File Format Considerations

The choice of file format significantly impacts loading performance:

Parquet (Recommended)

  • Compression: 5-10x better compression than CSV
  • Performance: 5-10x more throughput due to compression
  • Schema: Self-describing with embedded metadata
  • Use Case: Production data loading, large datasets

CSV

  • Compression: Minimal compression benefits
  • Performance: Slower loading, especially for large files
  • Schema: Requires manual type inference or specification
  • Use Case: Simple data exploration, small datasets

JSON

  • Compression: Moderate compression
  • Performance: Slower than Parquet due to parsing overhead
  • Schema: Flexible but requires careful type handling
  • Use Case: Semi-structured data, API responses

Performance Optimization Strategies

Batch Size Optimization

MotherDuck can handle both batch operations and real-time streaming. For optimal insert performance, use the section below as a guide.

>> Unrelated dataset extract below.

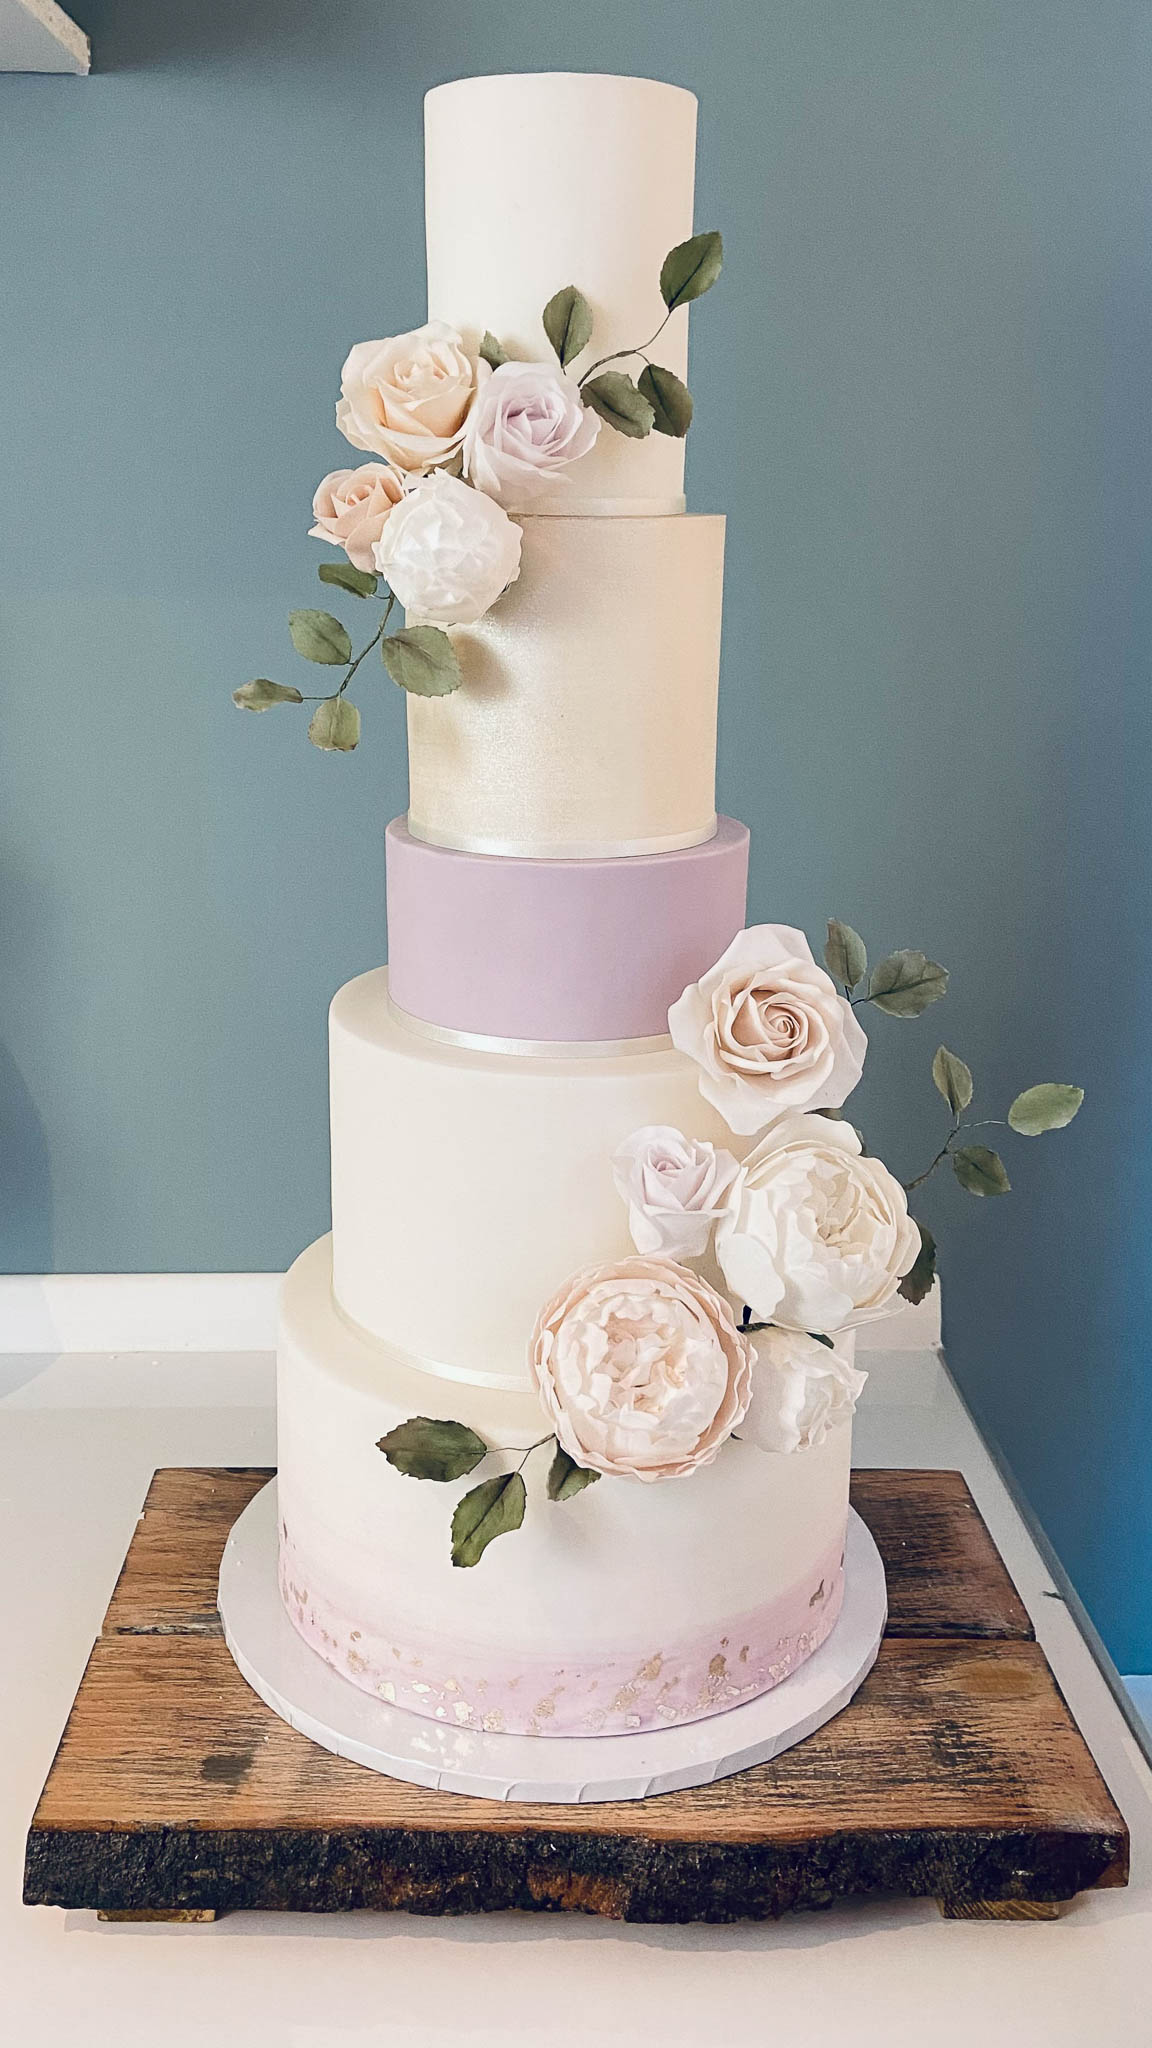 Contemporary wedding cake luxury sugar flowers Aberdeen Scotland

The size of your data batches directly impacts performance and resource usage:

Optimal Batch Size: 1,000,000+ rows

  • DuckDB operates in groups of 122,800 rows (row group size)
  • A 1.2M row insert will parallelize across 10 threads automatically
  • 100k and 1M row inserts will perform roughly the same due to parallelization overhead
  • Minimum effective batch size is >1M rows for optimal performance
tip

Load data in batches of at least 1M rows to leverage DuckDB's parallelization. Smaller batches (like 100k rows) don't provide meaningful performance benefits and may actually be slower due to overhead.

Memory Management

Effective memory management is crucial for large data loads:

Data Type Optimization

  • Use explicit schemas to avoid type inference overhead
  • Choose appropriate data types (e.g., TIMESTAMP for dates)
  • Avoid unnecessary type conversions

Sorting Strategy

  • Sort data by frequently queried columns during loading
    • To re-sort existing tables, use CREATE OR REPLACE with the preferred sorting method
  • Improves query performance through better data locality
  • Consider the trade-off between loading speed and query performance

Network and Location Considerations

Data Location

  • MotherDuck is hosted in AWS us-east-1
  • Locate source data in the same region for optimal performance
  • Consider network latency when loading from remote sources

Cloud Storage Integration

  • Direct integration with S3, GCS, Azure Blob Storage
  • Use cloud storage to leverage network speeds for better performance
  • Reduces local storage requirements

Instance Sizing

Instance Selection

For data sets under 100 GB in size, use Jumbo instances to load the data. For larger data sizes, use Mega or Giga.

Summary

The key to successful data loading in MotherDuck is understanding the trade-offs between different approaches and optimizing for your specific use case. Focus on:

  1. Batch inserts of at least 1,000,000 rows for fastest performance.
  2. If you can control how they are written from sources, use Parquet for compression and speed
  3. Write data into S3 for speedy reads.
  4. Use larger instance types (Jumbo or bigger) for loading bigger data sets.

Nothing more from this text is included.